Here’s the irony: If we do not want sobriety, medicine will only help us fail. If we truly want sobriety, if we are willing to go to any length to get it, then medical interventions are certainly helpful in detox, and possibly in reducing acute craving in the early stage, in helping to reduce the burden of alcohol dependence. But if we are in that state, then medical interventions are unnecessary, for what we need is willingness to understand that alcohol is not our problem. We are.

2 Comments leave one →
  1. 14 November 2012 12:45

    “I think methods which attempt to address alcoholism through medical treatment (beyond the acute phase of detoxification), are generally doomed to fail. Because nothing can make us want sobriety.”

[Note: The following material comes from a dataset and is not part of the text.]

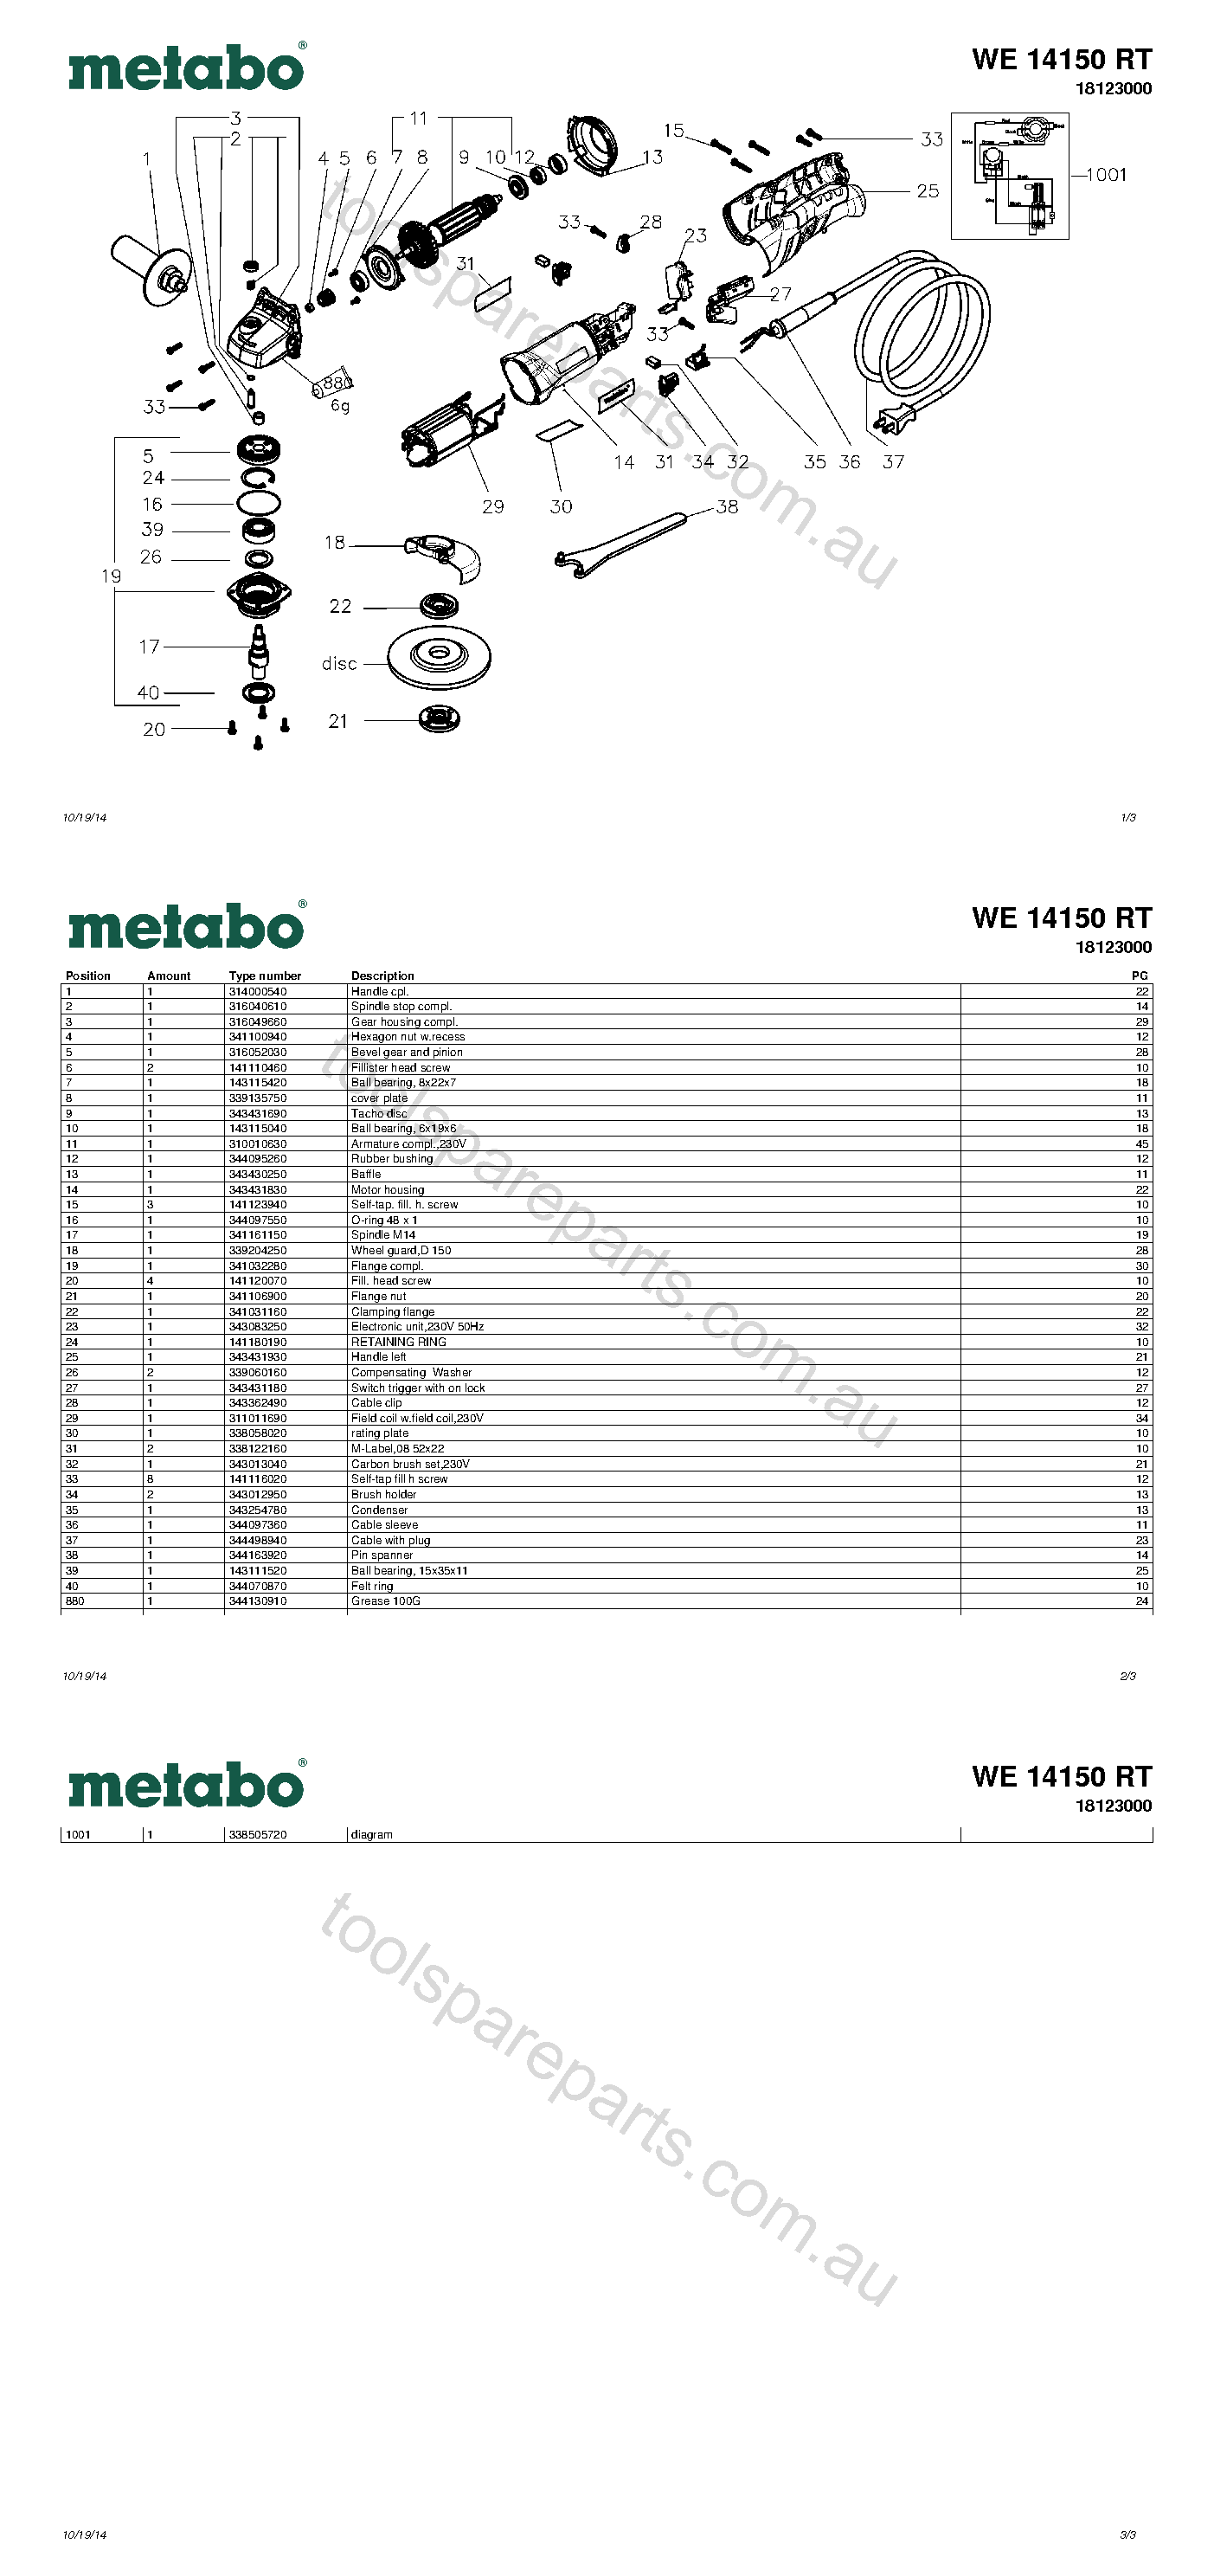 Metabo WE 14150 RT 18123000  Diagram 1

    I can understand where you’re coming from, but what if you compare it to people that suffer from schizophrenia? When they have a full blown psychosis they may not want treatment, but in the bigger picture it is good that there are certain drugs that can (somewhat) treat that and help them live productive lives.
    Also: what if scientists found a switch in your brain that makes you want to be sober? I believe that that exists and that it’s a matter of time before we find that and can maybe make some treatment to activate it. Even if you wouldn’t want it, I think society as a whole would benefit from a treatment for addiction.

    • 14 November 2012 13:01

      A treatment to make people want sobriety? I’m not a neuroscientist but I’m deeply skeptical. Even if it did exist, by definition anyone willing to undergo it wouldn’t need it. Unless you propose to make the treatment involuntary?